Empreendimento de 295 MW movido a gás natural na Bacia do Amazonas marca a estreia operacional do Complexo Azulão 950 e reforça a confiabilidade do suprimento na Região Norte
A Agência Nacional de Energia Elétrica (ANEEL) autorizou o início da operação comercial da usina termelétrica Azulão I, localizada no município de Silves, no estado do Amazonas. A decisão, formalizada por meio do Despacho nº 2.899 publicado no Diário Oficial da União, marca o cumprimento do cronograma regulatório da Eneva S.A. e adiciona 295 MW de potência 100% flexível e despachável ao Sistema Interligado Nacional (SIN).
Abastecida pelo gás natural produzido nas concessões da própria companhia na Bacia do Amazonas, a usina teve sua capacidade viabilizada no Leilão de Reserva de Capacidade de 2021 (LRCap nº 11/2021-ANEEL). O contrato de suprimento, válido por 15 anos, assegura à geradora uma receita fixa de R$ 278,3 milhões por ano (data-base dezembro de 2025), corrigida anualmente pelo IPCA. Quando acionada para despacho, a planta também fará jus a uma receita variável unitária de referência (Custo Variável Unitário – CVU) de R$ 1.200,87/MWh (data-base agosto de 2026), ajustada mensalmente com base na variação da taxa de câmbio e do índice internacional de gás natural liquefeito (JKM).
Estrutura do Complexo Azulão 950 e expansão do portfólio no Amazonas
O enquadramento da UTE Azulão I representa a primeira etapa operacional do Complexo Azulão 950. O polo energético integrado reúne as concessões de exploração e produção de gás em terra no Amazonas a um hub de geração termelétrica de grande porte, projetado para monetizar as reservas do ativo em terra na região Norte.
O planejamento de expansão do complexo engloba ainda a UTE Azulão II, projeto contratado durante o 2º Leilão de Reserva de Capacidade na forma de Energia (LRCE), realizado em setembro de 2022. Com previsão de entrada em operação comercial a partir de julho de 2027, a segunda fase do empreendimento garantirá uma receita fixa adicional de R$ 1.921,9 milhões ao ano (data-base maio de 2022) ao longo de seu contrato de 15 anos.

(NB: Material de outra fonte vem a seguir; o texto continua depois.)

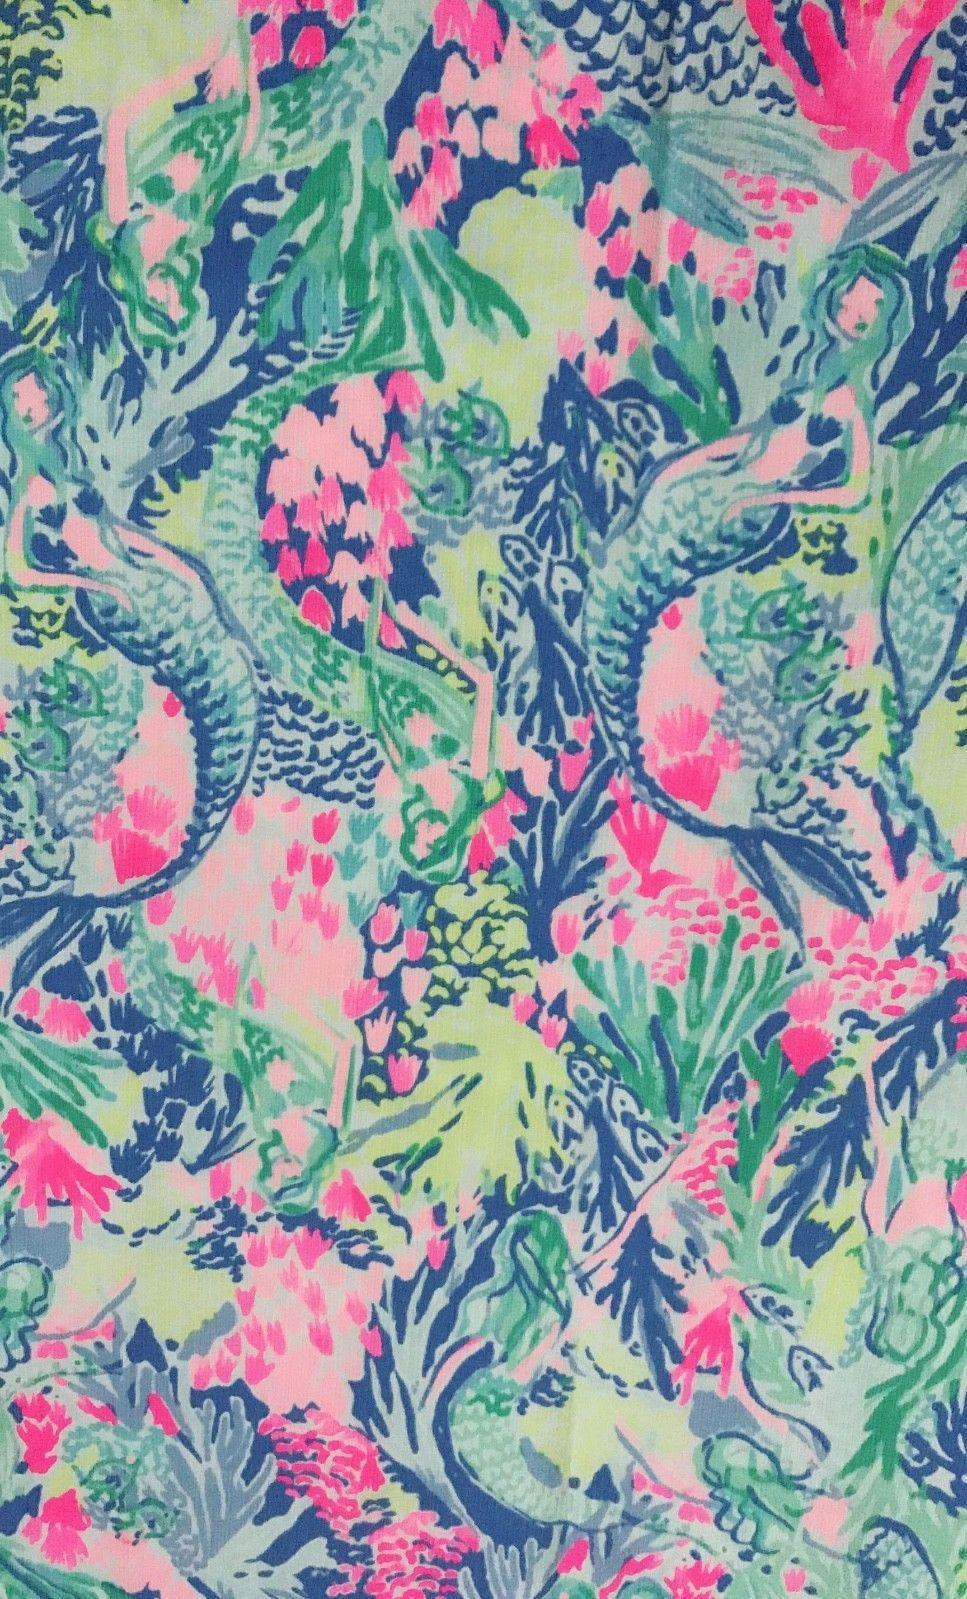 f3211e633d249d Lilly Pulitzer Mermaid Dobby Cotton Fabric Multi Mermaids Cove 1 Yard 36

Segurança sistêmica e resiliência energética na Região Norte
A entrada em operação da UTE Azulão I fortalece a infraestrutura de geração no subsistema Norte, região marcada por desafios logísticos de suprimento e pela busca de diversificação da matriz elétrica. A disponibilidade de potência despachável em base contínua atua na mitigação de intermitências das fontes renováveis e confere maior flexibilidade operativa ao Operador Nacional do Sistema Elétrico (ONS).
A integração do ativo ao SIN assegura suporte à modulação da carga nacional e reduz a vulnerabilidade energética regional, estabelecendo uma fonte interna de geração a partir do gás natural extraído na própria Bacia do Amazonas.